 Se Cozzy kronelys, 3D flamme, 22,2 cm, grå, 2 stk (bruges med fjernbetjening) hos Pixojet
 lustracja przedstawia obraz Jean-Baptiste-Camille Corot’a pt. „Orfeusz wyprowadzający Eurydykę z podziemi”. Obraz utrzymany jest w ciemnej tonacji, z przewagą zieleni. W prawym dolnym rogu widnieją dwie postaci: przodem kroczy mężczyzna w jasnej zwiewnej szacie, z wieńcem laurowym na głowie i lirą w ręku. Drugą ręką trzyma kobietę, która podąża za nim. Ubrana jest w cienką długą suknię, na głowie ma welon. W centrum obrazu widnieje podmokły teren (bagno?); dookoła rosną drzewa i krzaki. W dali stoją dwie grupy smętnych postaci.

******

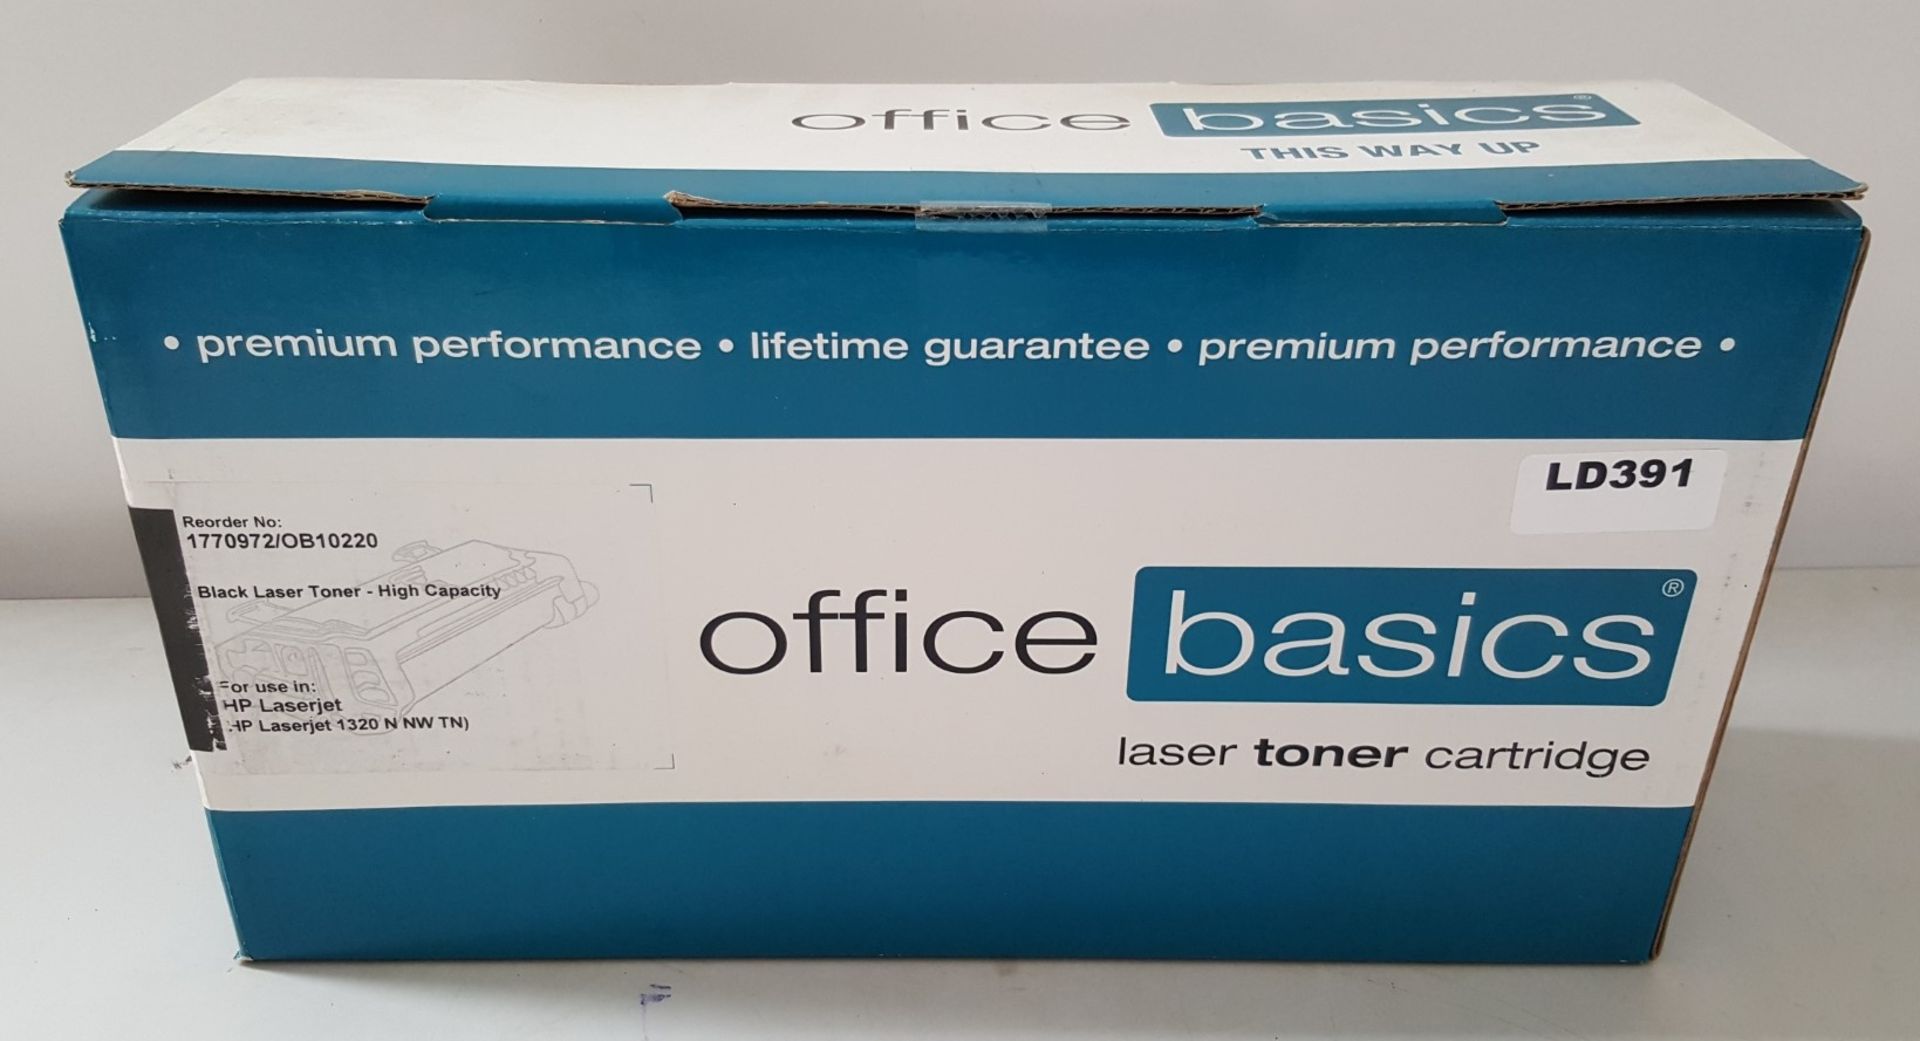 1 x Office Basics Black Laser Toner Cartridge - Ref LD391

******

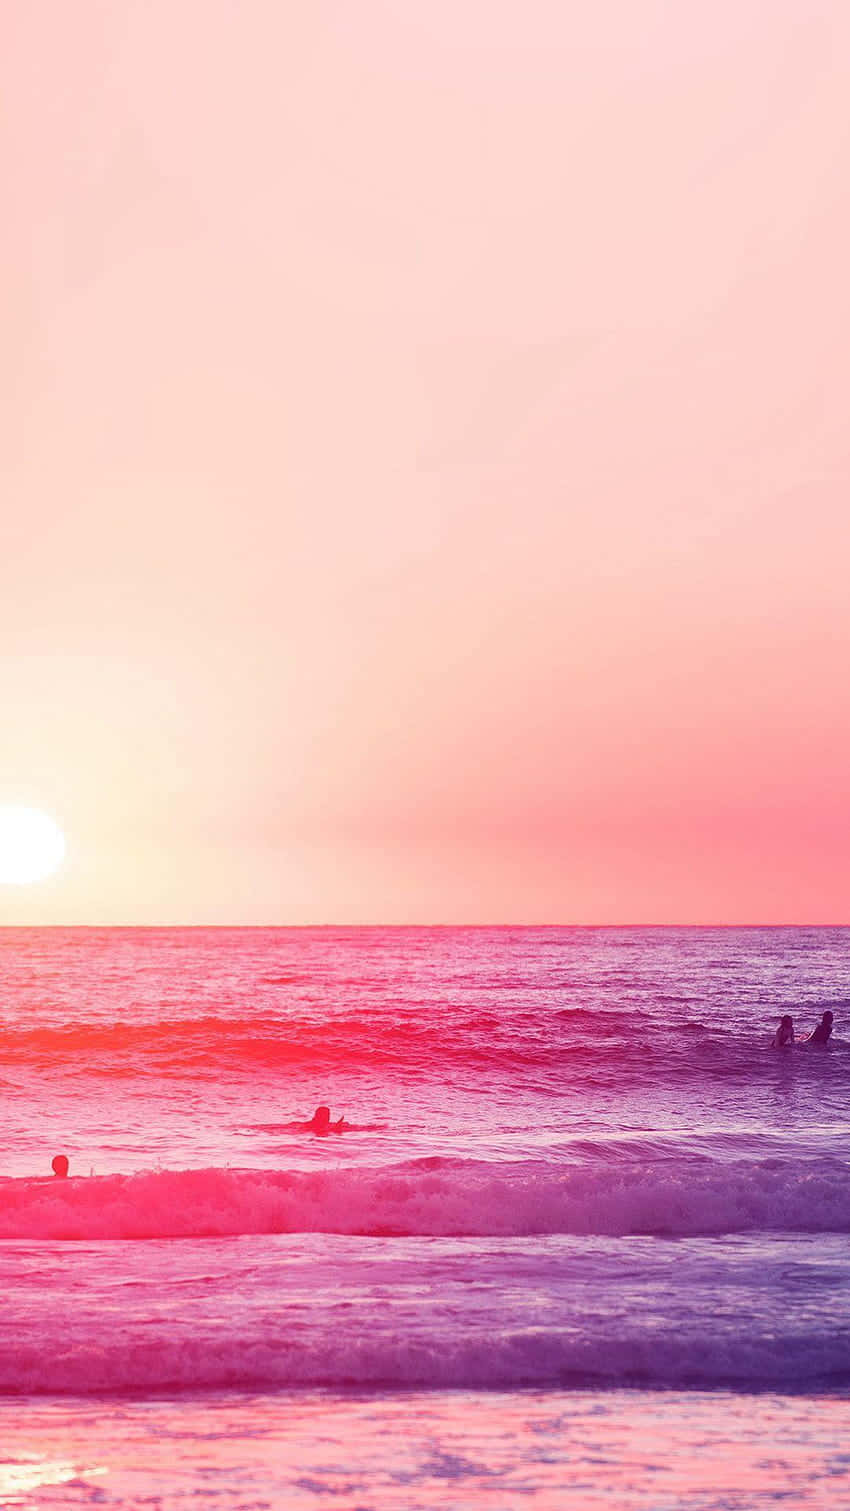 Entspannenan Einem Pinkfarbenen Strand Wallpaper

******

Required action: In the records above, the line with "Se Cozzy kronelys, 3D" marks the start and the line with "lustracja przedstawia obraz" marks the end; copy that stretch exactly, both lines included, and nothing else.

Your response:
 Se Cozzy kronelys, 3D flamme, 22,2 cm, grå, 2 stk (bruges med fjernbetjening) hos Pixojet
 lustracja przedstawia obraz Jean-Baptiste-Camille Corot’a pt. „Orfeusz wyprowadzający Eurydykę z podziemi”. Obraz utrzymany jest w ciemnej tonacji, z przewagą zieleni. W prawym dolnym rogu widnieją dwie postaci: przodem kroczy mężczyzna w jasnej zwiewnej szacie, z wieńcem laurowym na głowie i lirą w ręku. Drugą ręką trzyma kobietę, która podąża za nim. Ubrana jest w cienką długą suknię, na głowie ma welon. W centrum obrazu widnieje podmokły teren (bagno?); dookoła rosną drzewa i krzaki. W dali stoją dwie grupy smętnych postaci.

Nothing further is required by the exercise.